A ‘prospective’ recruiter is one who may call you out of the blue. They may be acting on a tip from someone you know, or you may be on their database from a previous encounter.
Have you ever been called by a prospective recruiter for a new opportunity?
Have you responded / called them back?
How have you responded – courteously or with an air of arrogance?
How have you managed the current and future opportunities?
ONE: You may be known to the hiring manager – who respects the recruiter
When a recruiter calls you directly, it may be that you are being ‘tapped’ on behalf of a hiring manager who knows you personally or professionally – but their identity must remain confidential (at least in the early stages). Or you have been recommended by an ex colleague who has worked with you. So you want to ensure any feedback they receive is positive. You may also be on the recruiters database – which means they’ll also be adding notes regarding the conversation. How you handle this call may impact your future career opportunities both with the hiring manager and the recruiter and the company they work for. Word gets around!
TWO: Bank the call
So – you may not be looking for a new opportunity right now, or you may have only just started a new role, in which case it wouldn’t be appropriate to change too quickly. But the fact is, somewhere down the track you may need the services of that recruiter again. Or the hiring manager may be your next opportunity in waiting. So record the details and keep in touch. Laying the foundations for your next role doesn’t start when you’re ready to start your search. You plan way ahead – and that means cultivating relationships.
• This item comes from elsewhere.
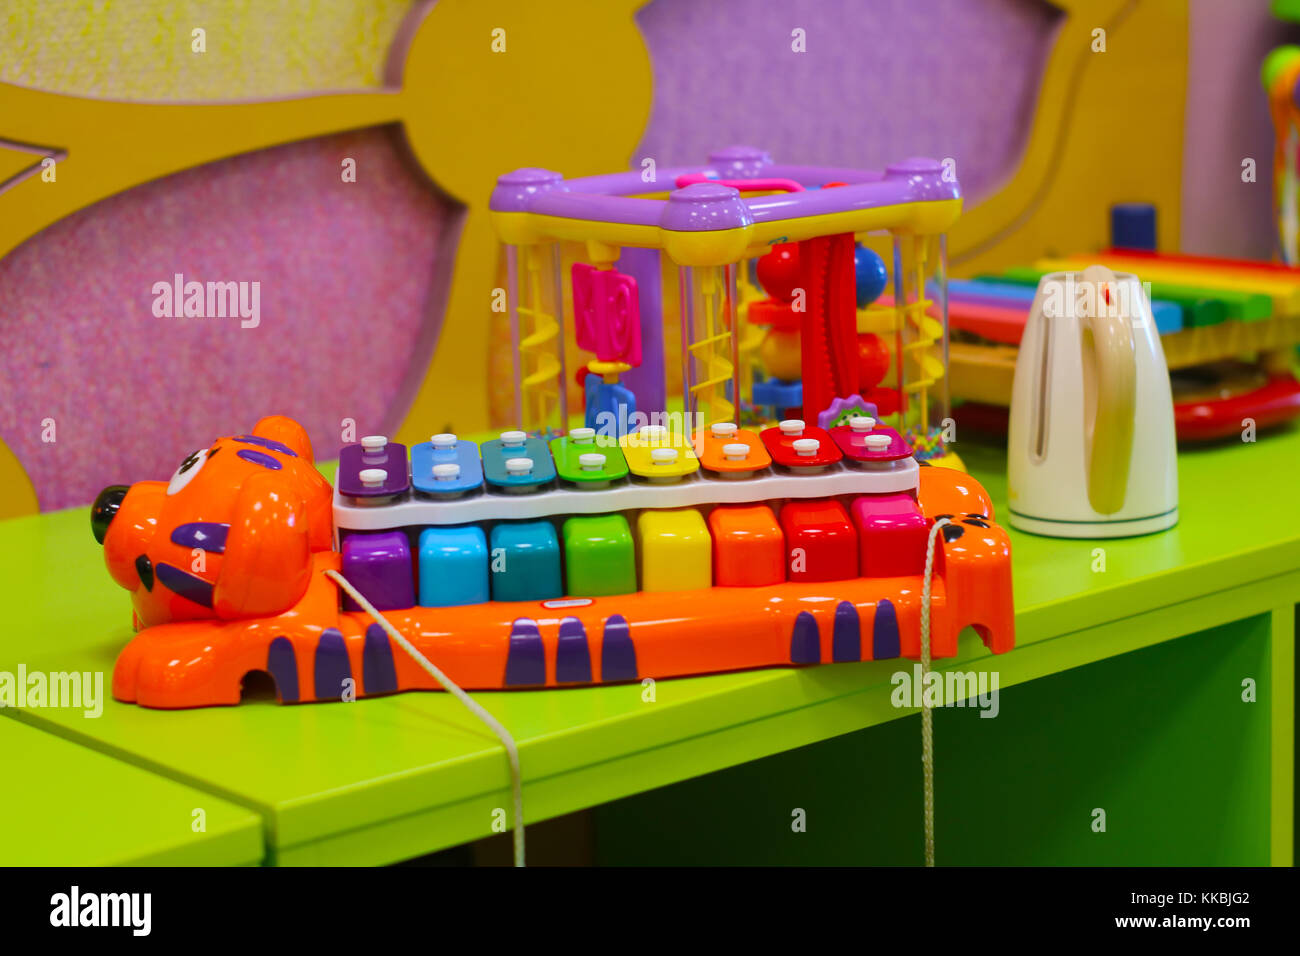 Rainbow colored xylophone on the table among toys in baby room. Stock Photo

THREE: Recruiter / Candidate etiquette
Some recruiter(s) may have rubbed you up the wrong way in the past (chances are!), however you’d be naive to put all recruiters in the same basket. So be respectful, whatever the situation.
So how do you work with recruiters?
- It’s a two way street. Be professional, courteous and respectful. If the recruiter is not the same, don’t follow their suit.
- Ask the recruiter how they came across your name and what made them call you.
- Listen and act interested – even if you’re not totally up for a conversation. Give the recruiter time to explain – or you may miss an opportunity (now and/or in the future)
- Respond to requests positively. That doesn’t mean you have to agree to everything. Be polite.
- When declining an opportunity – be gracious. Thank the recruiter for thinking of you.
FOUR: Set and Manage Expectations
- Set the protocols for your working relationship up front
- Agree communication methods
- Retain control over your CV
- Remove any ambiguity in your expectations for a new role
- Remember to update the recruiter with any changes to your situation
FIVE: Keep Your Referee’s Accessible
- Set communication protocols with the recruiter
- Confirm the best time to call your referees
- Keep your referees briefed on the role at hand
- Update the recruiter with any change in referee contact details
- Ensure the referee’s provided are relevant (seek guidance from the recruiter)
So, in summary; The professional recruiter has a job to do. It’s one that requires resilience, fortitude and not a small amount of humanity. So help them out – and yourself, by being the best candidate you know you can be.